SUPPLIED DATA:
* * * * * * * * *

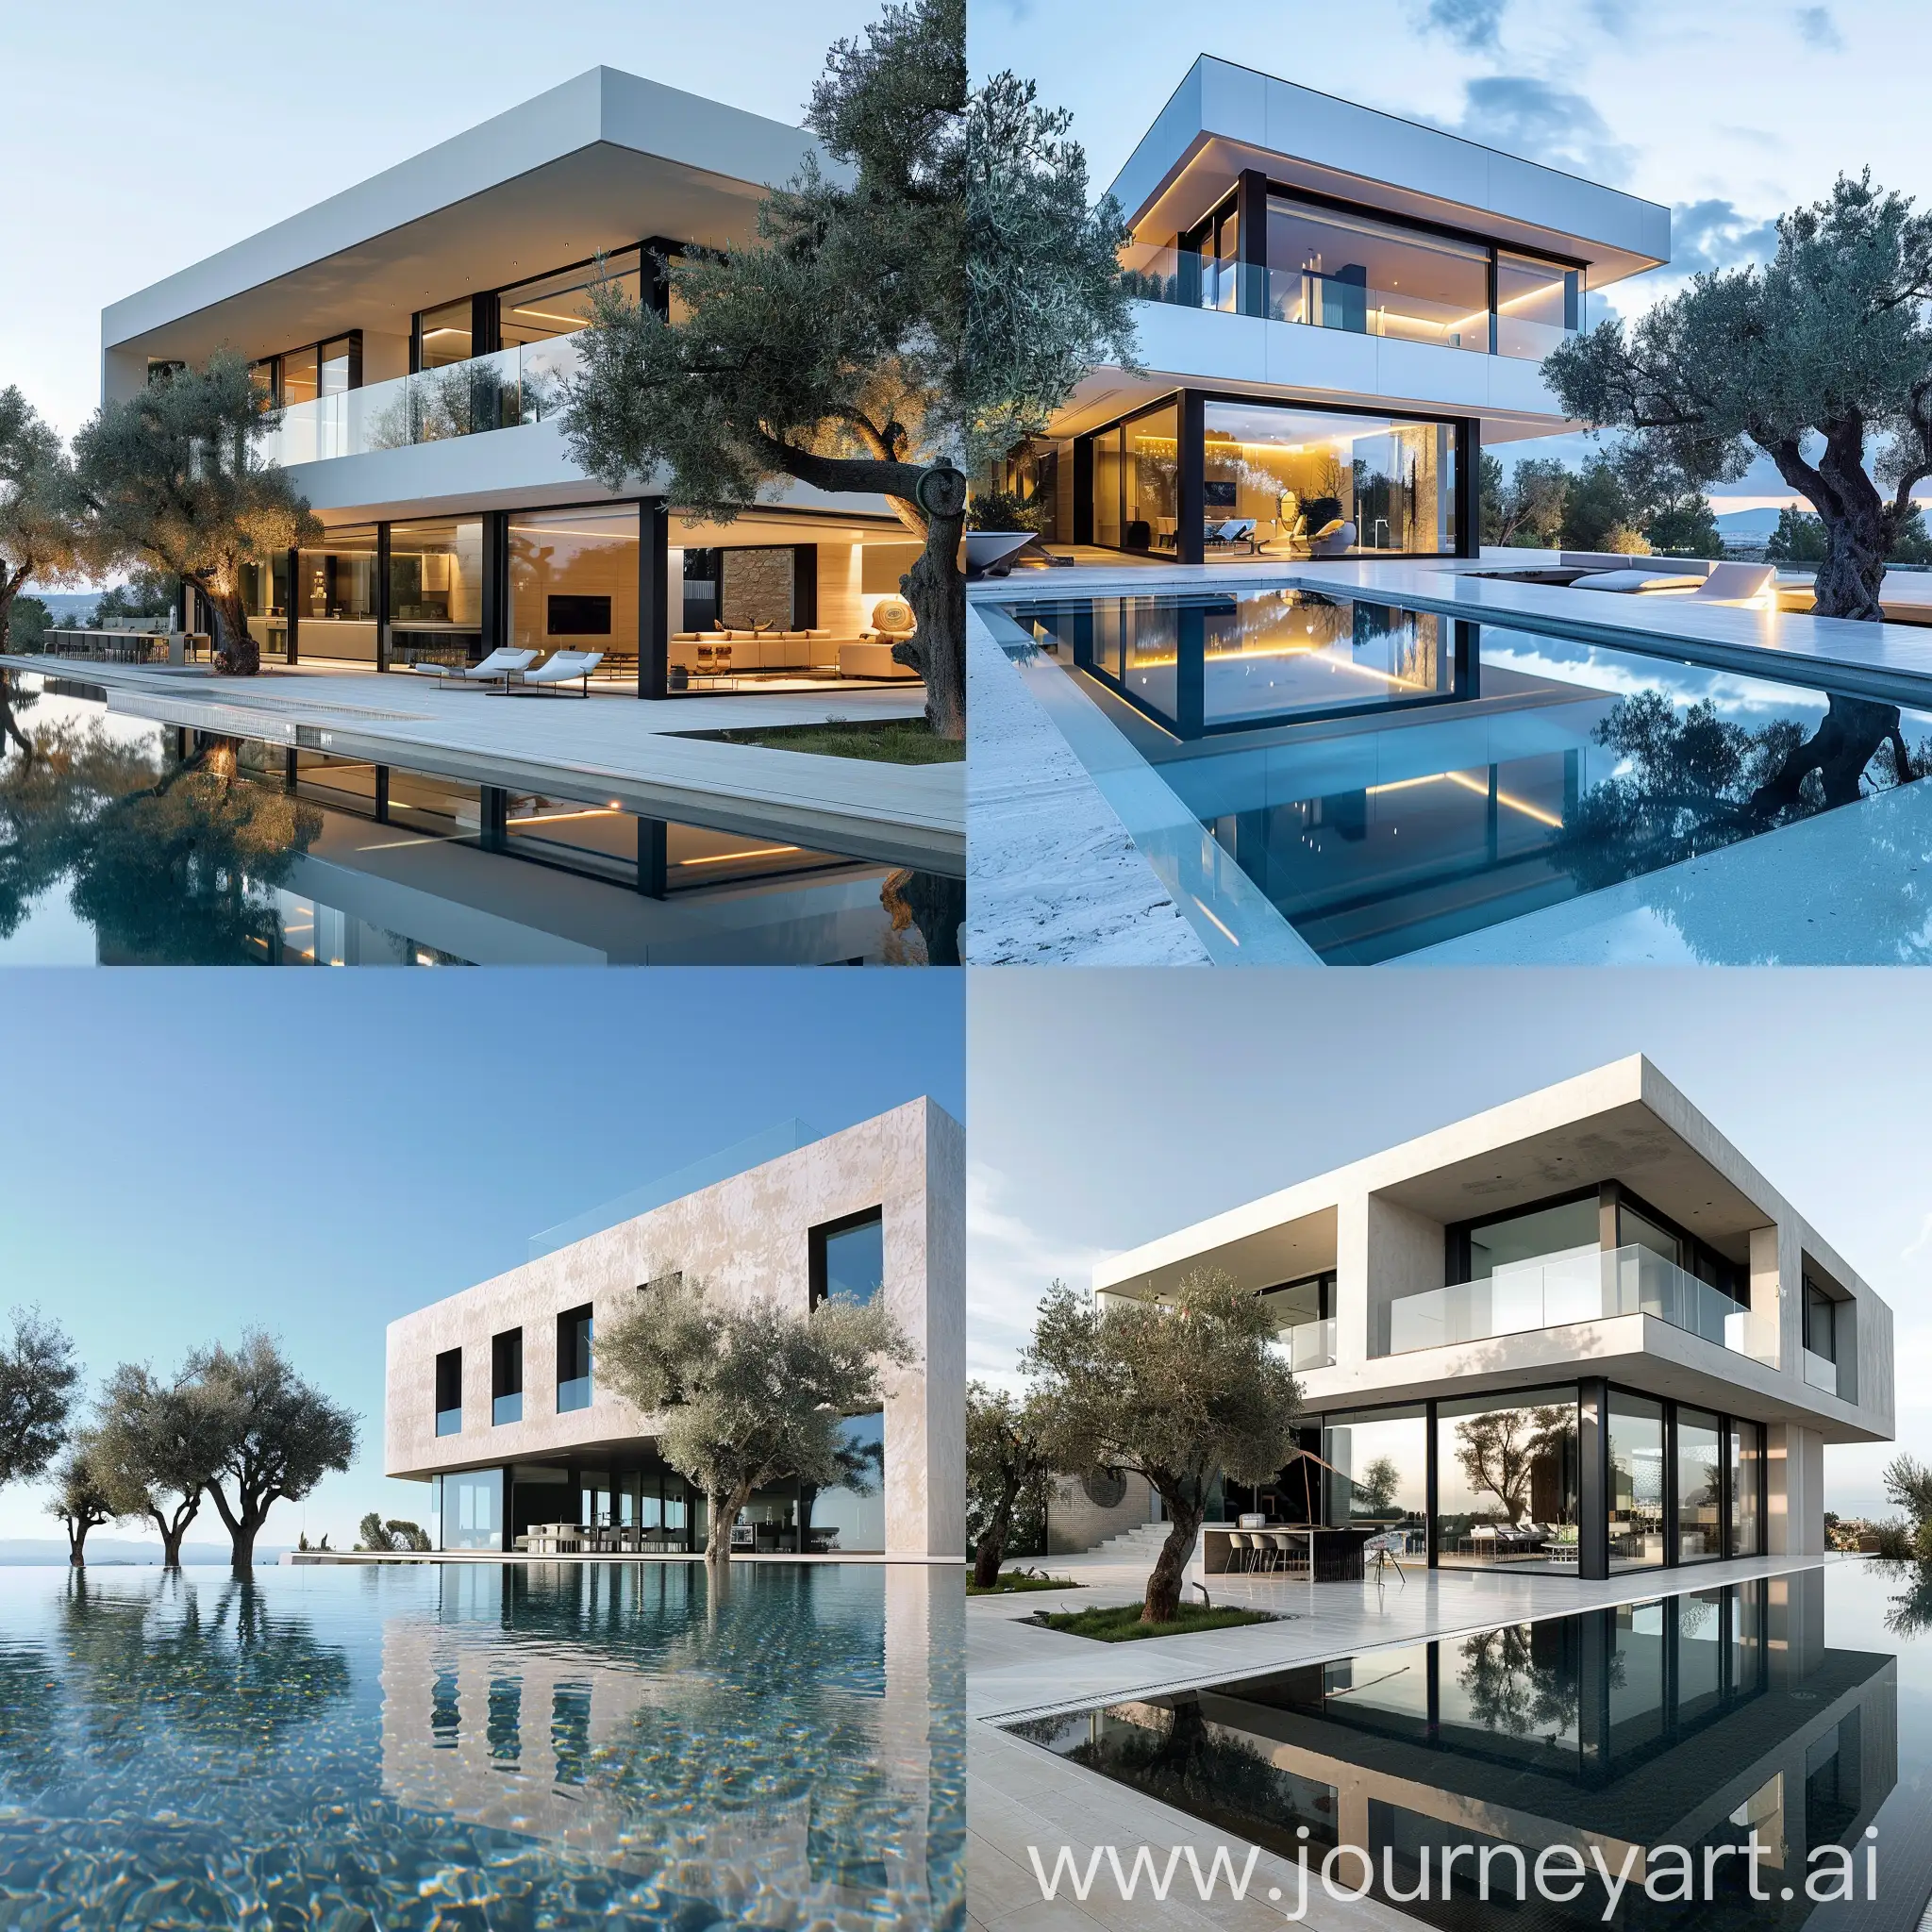 Modern luxury Spanish house, in a modern Mediterranean style, located on the coast, among olive trees, with large windows and an infinity pool, with a minimalist design, open-plan living areas, glass walls, roof terrace, Frank Gehry, Zaha Hadid style, clear lines, clear focus
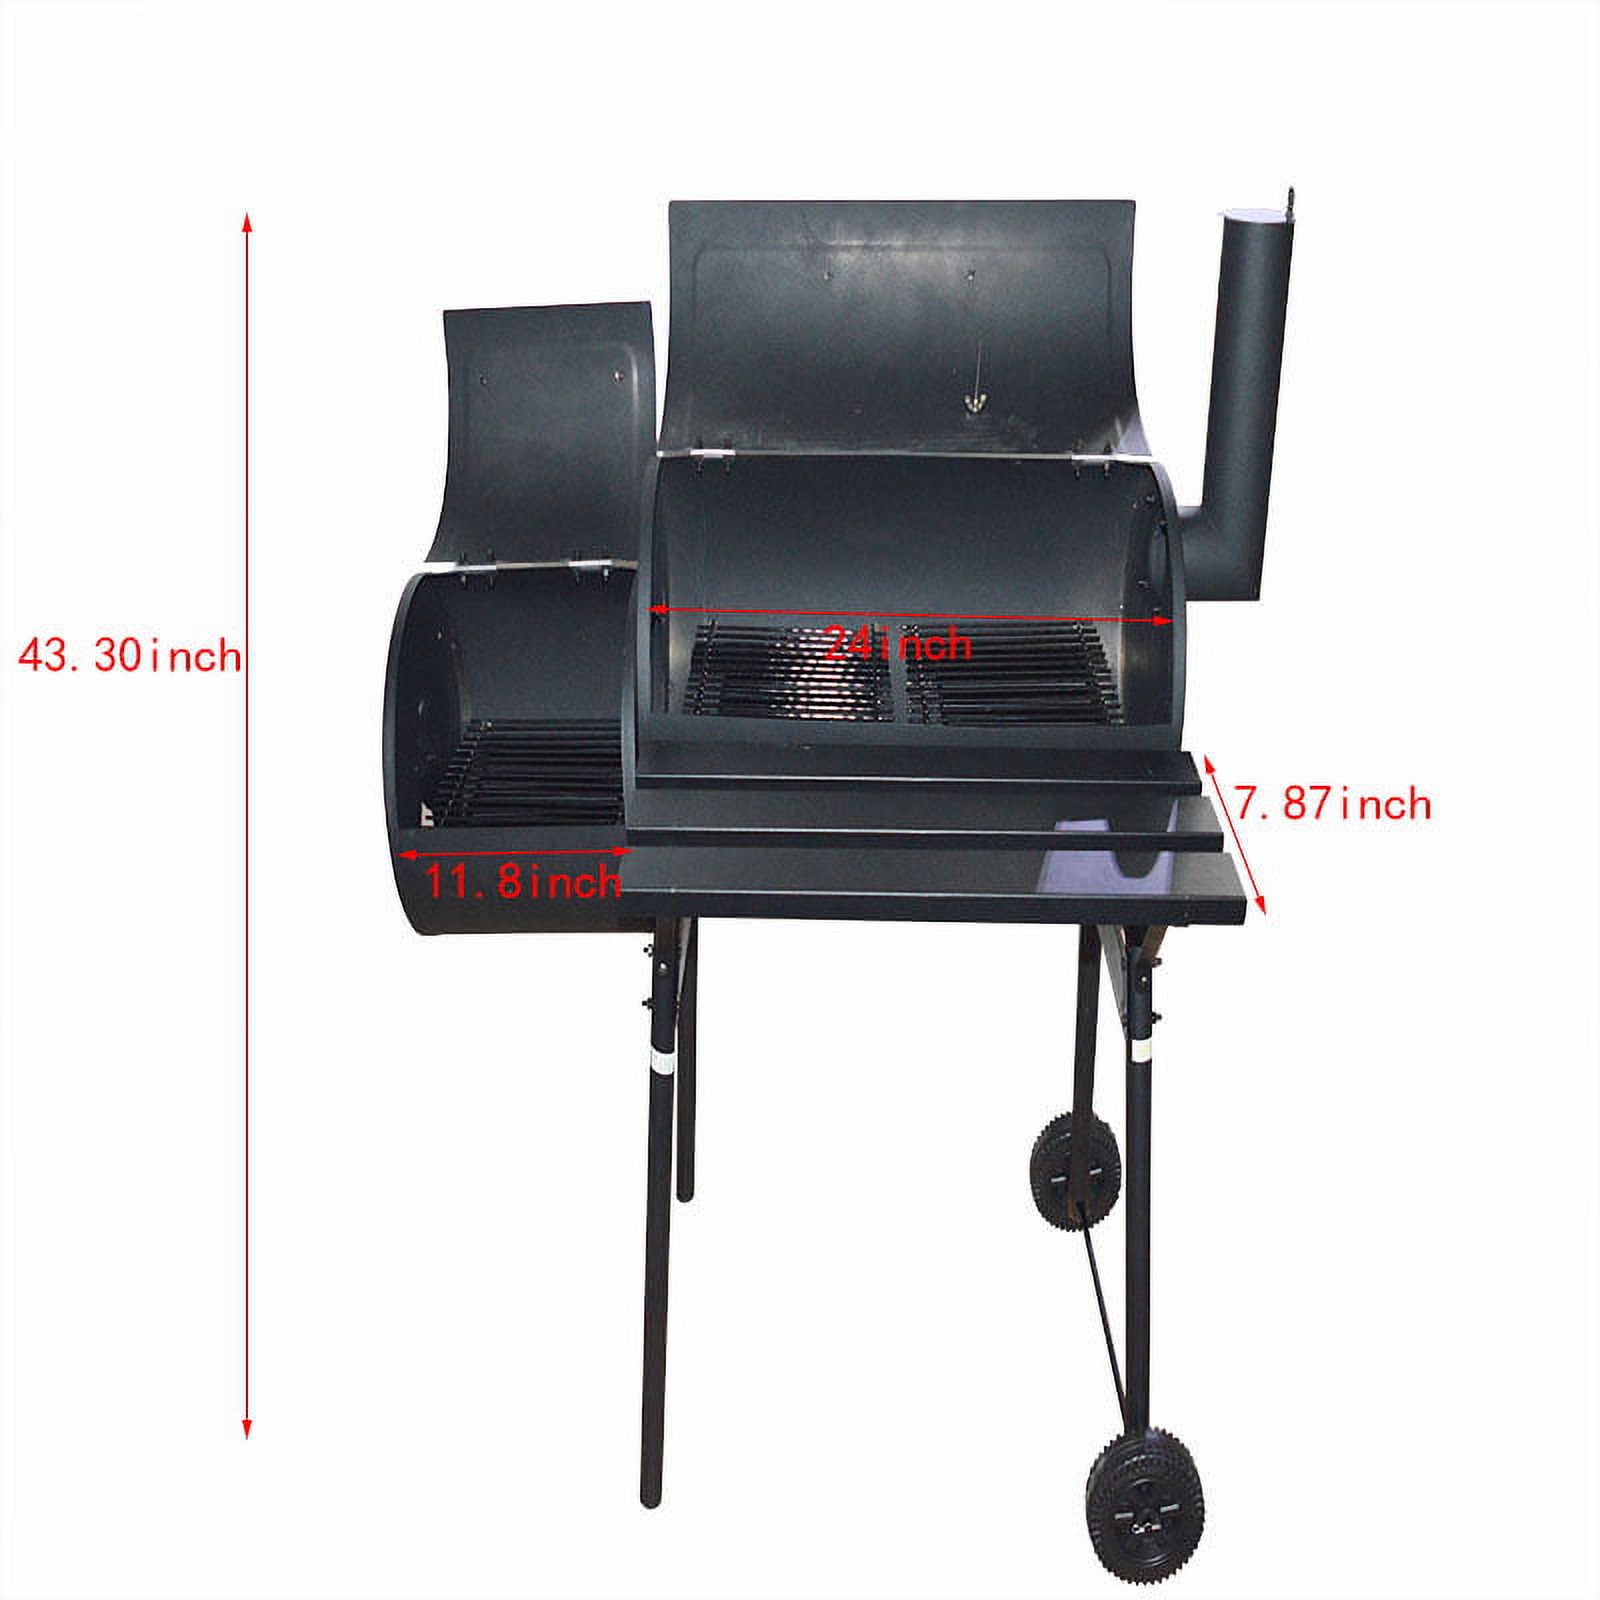 INTBUYING Outdoor BBQ Grill Camping Garden Charcoal Barbecue Stove Grills - image 2 of 8
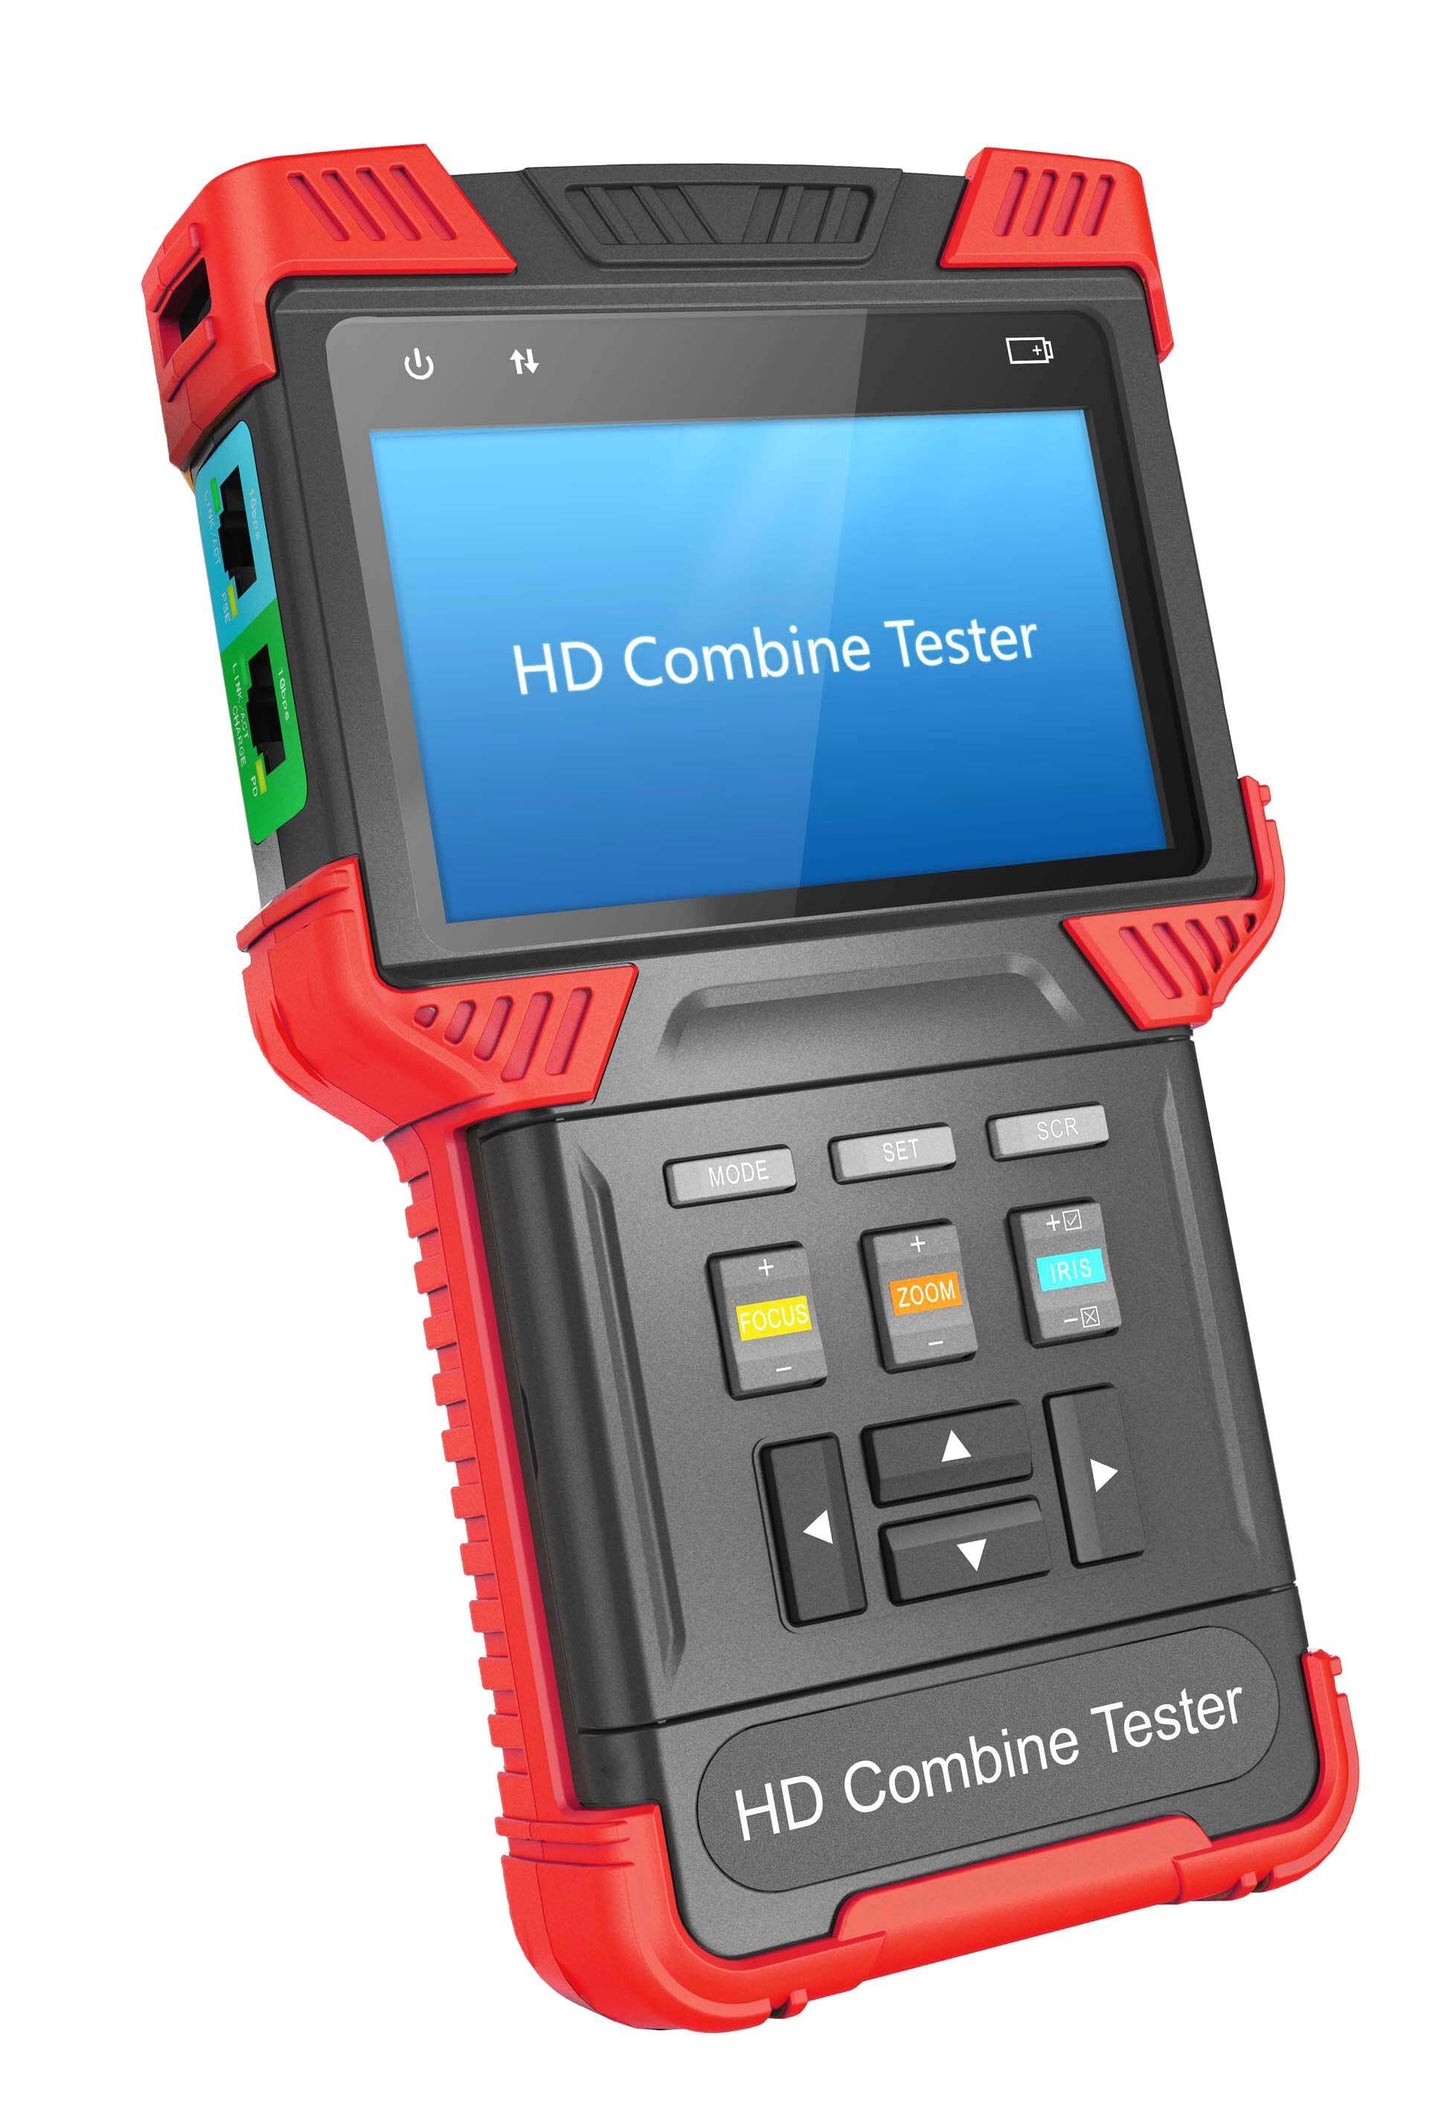 DT-T72  IP Camera Tester H.265/H.264 CCTV Tester Monitor4.0 Inch HD Combine Tester Support 3.0 CVI TVI AHD&Analog Camera Testing

* * * * * * * * *

Without any pictures, print the whole listing again exactly as it stands.

 Modern luxury Spanish house, in a modern Mediterranean style, located on the coast, among olive trees, with large windows and an infinity pool, with a minimalist design, open-plan living areas, glass walls, roof terrace, Frank Gehry, Zaha Hadid style, clear lines, clear focus
 INTBUYING Outdoor BBQ Grill Camping Garden Charcoal Barbecue Stove Grills - image 2 of 8
 DT-T72  IP Camera Tester H.265/H.264 CCTV Tester Monitor4.0 Inch HD Combine Tester Support 3.0 CVI TVI AHD&Analog Camera Testing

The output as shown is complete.